The down side to it is that there’s a bit of a risk to cutting the plant back that far. Removing that much growth at one time is stressful to the plant.
Most of the plant’s reserves of stored water and carbohydrates are in the stems (not in the roots as many people believe) and depriving the plant of those resources can weaken and even kill the plant.
Losing the plant is rare, but it does happen. Most commonly the plant is weakened and just takes longer to get back on its feet.
The second choice, which I prefer, is to cut the plant back but to steer a more moderate path.
What I mean is cut some stems back hard, but leave others longer.
Honeysuckles will usually have several stems growing up to form the plant. Cut maybe a third of them down to 12 to 24 inches from the ground. These will help fill in the plant lower down.
Choose another third to leave fairly long. Cut them back only by a foot or so or prune them back to the top of the trellis or fence that they’re growing on.
Cut the last third back to about halfway between the first two groups.
Doing it this way will reduce the stress on the plant. It also keeps the plant taller so you’re not starting completely over but still should encourage side shoots to sprout out that will fill the plant in for you.

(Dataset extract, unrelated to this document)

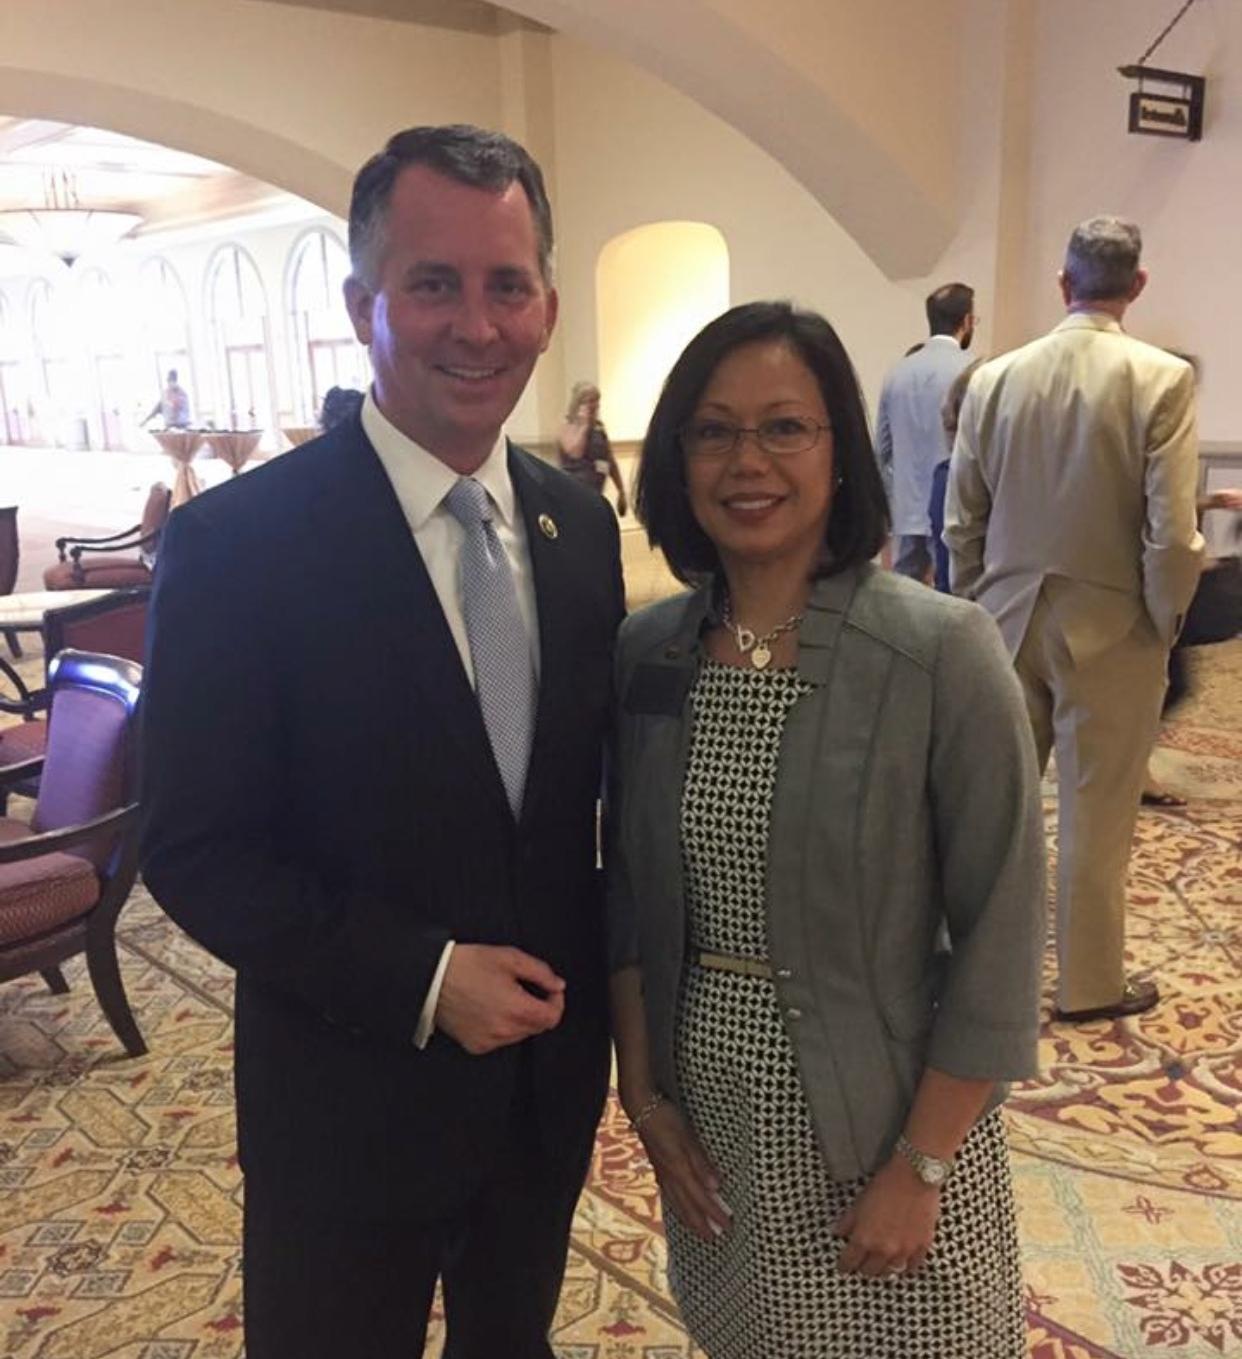 With former Congressman David Jolly

I always appreciate your expert help, so I’m wondering if you can give me some advice about my dwarf mugo pine. The needles on the top of each branch are brown. The mugo was in a fairly large snowdrift most of the winter, but the top was always clear. I moved some of the snow away from the base late this winter, and noticed then that the tops of the branches were brown. I’m fairly certain it got enough moisture from the snow.
What could have caused this, and what can I now do to correct the problem? Thanks for any help you can give me.

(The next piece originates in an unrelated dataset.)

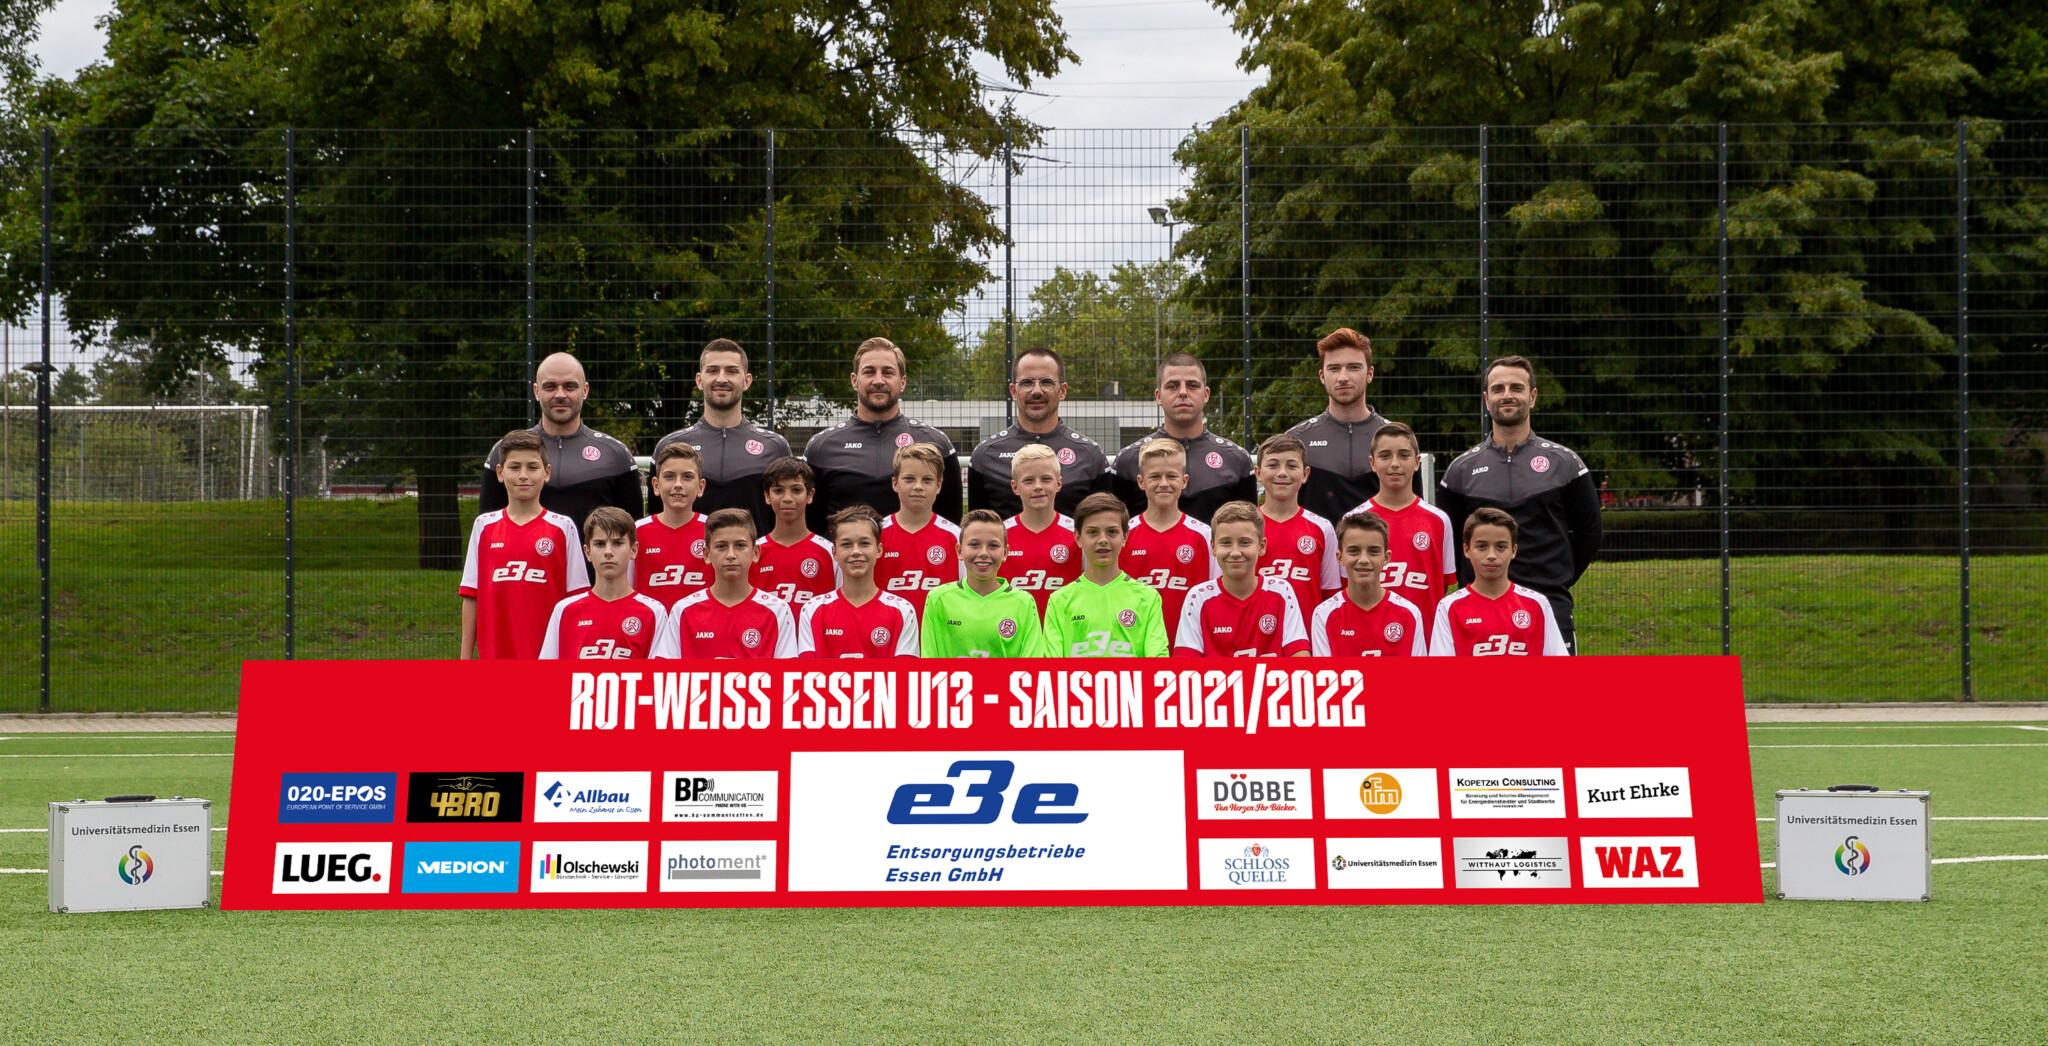 U13 – Rot-Weiss Essen

Well, there may be a couple of things going on.
It’s not unusual for the needles of mugo pines to turn a brownish-yellow over the winter, especially on the tips. This is a normal process that the species goes through and the extent of it can vary from one to another. The needles will green up as the plant breaks dormancy.
The second reason is due to desiccation, or water loss from the needle. This isn’t all that uncommon in evergreens, and it can be caused by one or both of two things.
First is that the soil just dries out a bit too much in the winter.
It surprises a lot of people that drought will damage a plant in January just as it can in July. I doubt that is the case with your plant since it was covered with snow most of the winter, unless it was drought-stressed before the snow started accumulating in December.
Actually, a lot of “winter” drought damage occurs in November. We’ve lost our ditch water and have stopped watering, but it is probably the warmest month of this non-watering period (and
it certainly was last year).
Most people aren’t thinking about winter watering that time of year because, well, it’s not winter yet.
The second cause of this is simple loss of moisture out of the needles when the bright winter sun beats on them.
Certainly, these plants are built to withstand this to an extent, but our bright sun, high elevation and low humidity can be more than the plant can deal with.
Either way, I wouldn’t be too concerned with this problem. The tips of the needles turn brown, but the stems and buds are still viable and your mugo pine will push out new growth a bit later on this spring.